Origin: Barnsley acquired the land from the state of Georgia after acquiring it from the Cherokee nation. The land was then divided into 160 acre plots. The original manor at Barnsley Resort was built for Godfrey's wife Julia. Before it was completed, Julia fell ill and died, and Barnsley suspended its construction. Later, he said he felt her presence at the site telling him to finish the house for him and his children. The mansion was built in the style of an Italian villa by the landscape architect Andrew Jackson Downing. During the American Civil War, the mansion had been  the site of a battle, and much of the house and Barnsley's possessions were ransacked by the Union Army. Barnsley lost his fortune during the Civil War and later moved to New Orleans before he died in 1873.  

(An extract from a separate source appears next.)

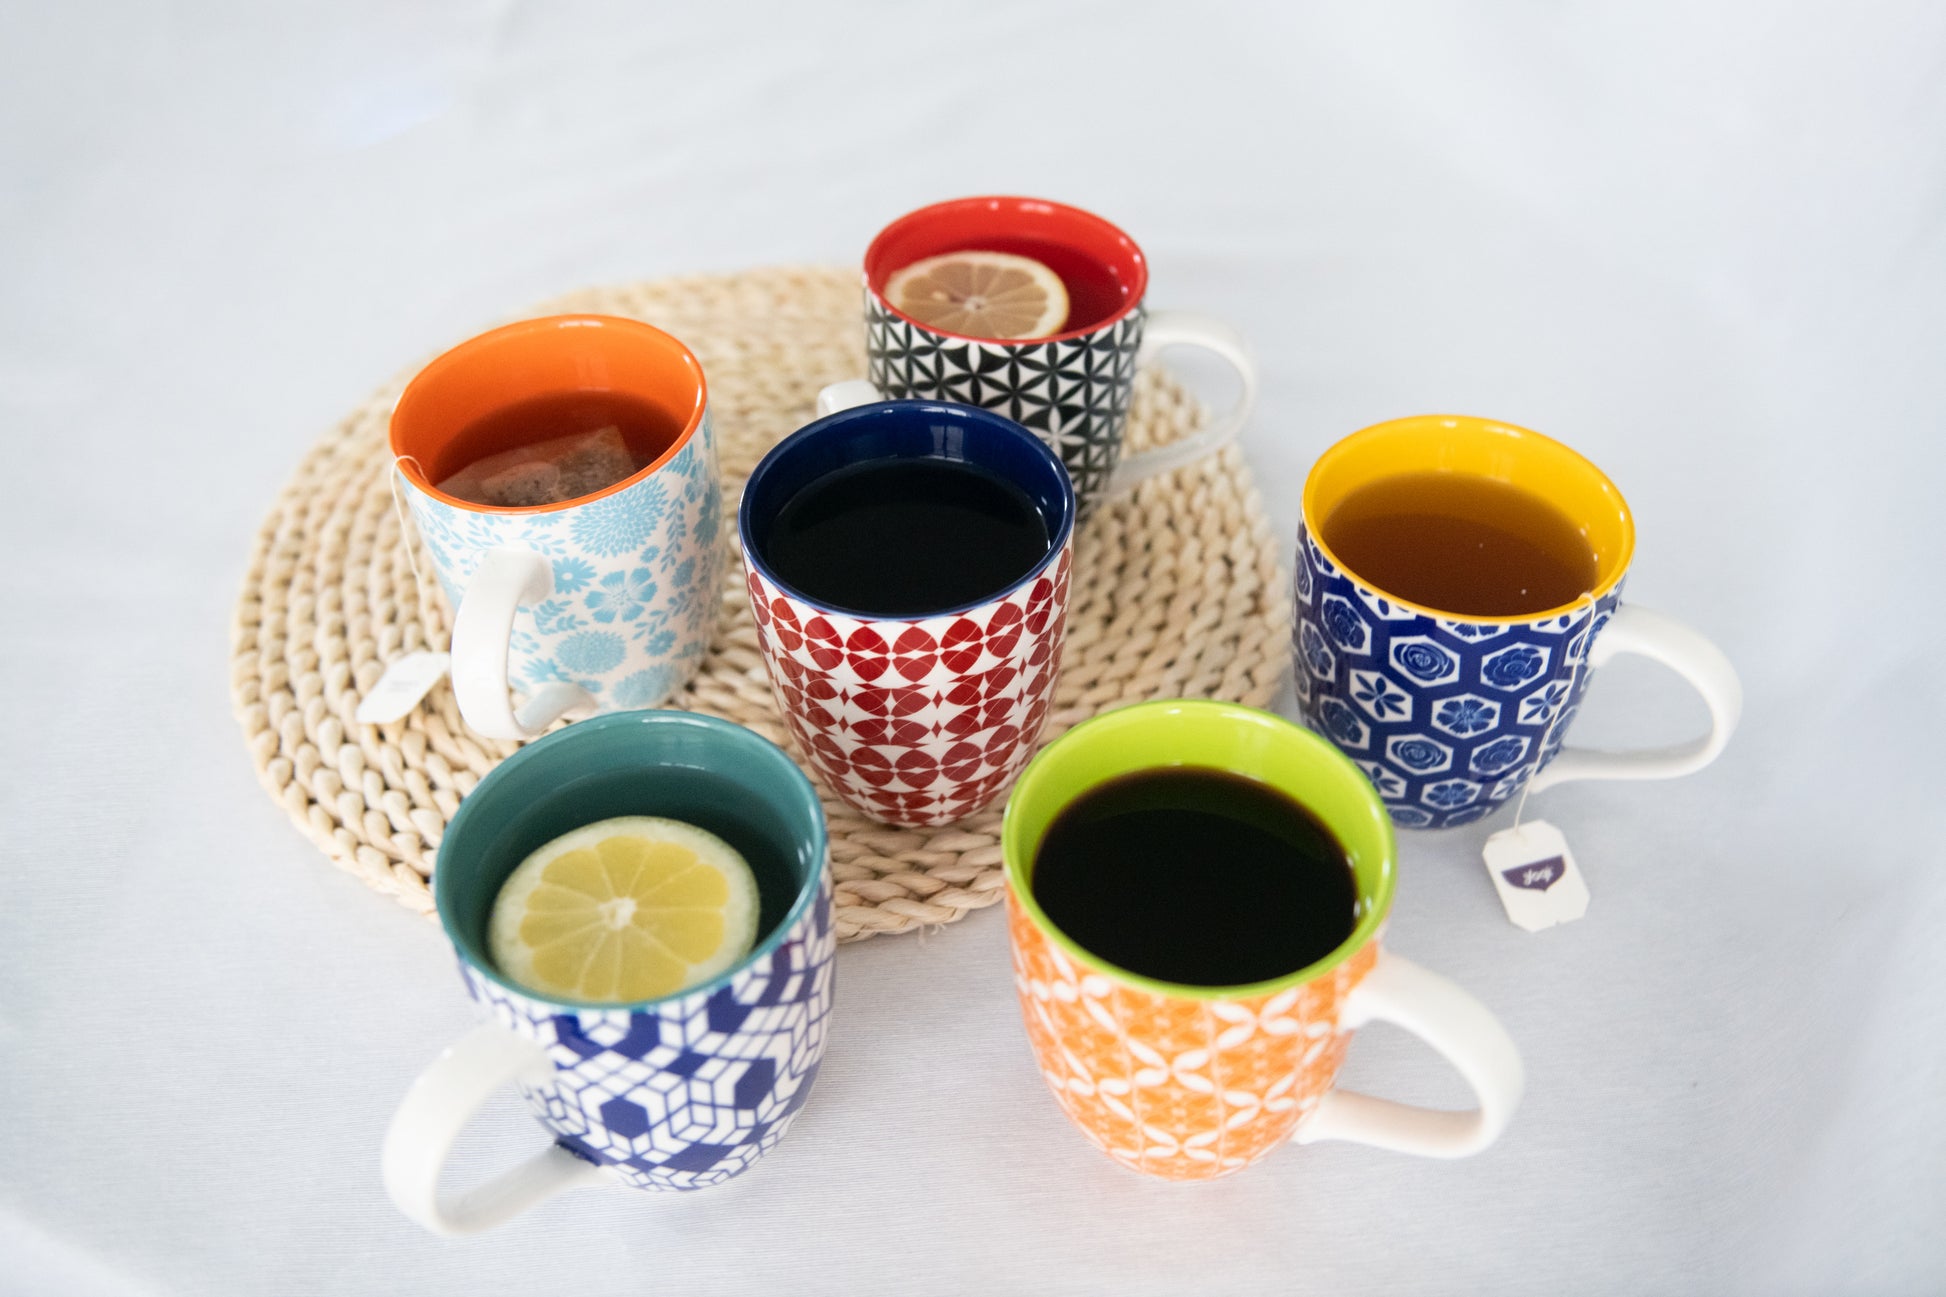 Annovero Coffee Mugs, Set of 6 Modern Colorful Cute Porcelain Mugs/Cups  with Large Handle, for Women or Men, Great for Tea, Cocoa or Hot Chocolate,  16

Barnsley's descendants continued to live at Woodlands until the roof of the main house was blown off by a tornado in 1906. Barnsley's granddaughter, Adelaide Saylor, and her family who were living there at the time, moved into the kitchen wing and the main house was never restored, and eventually fell to ruins. In 1988 Prince Hubertus Fugger purchased the estate and began a major project to stabilize the ruins and rescue and restore the gardens.  The original boxwood hedges planted in the early 1840s still survived and had grown up into a thicket of small trees and vines. These were carefully cut back over a number of years to reveal the interweaving paths and flower beds of the original parterre garden. This is now one of the few surviving antebellum gardens of the southern United States.

References

External links
Godfrey Barnsley Papers, Manuscript, Archives, and Rare Book Library, Emory University
History and Overview
Godfrey Barnsley and Barnsley Gardens, Cartersville- Bartow County, GA Convention and Visitors Bureau
Getaways that are close to home
Camp Grown-up at Barnsley Resort
Barnsley Resort: 15 Reasons You Need A Date Night At This Exclusive Oasis
Reinvent The Concept Of Getting Away At Barnsley Resort

Houses completed in the 19th century
Houses in Bartow County, Georgia
Resorts in the United States
Ruins in the United States
Tourist attractions in Bartow County, Georgia
1840s establishments in Georgia (U.S. state)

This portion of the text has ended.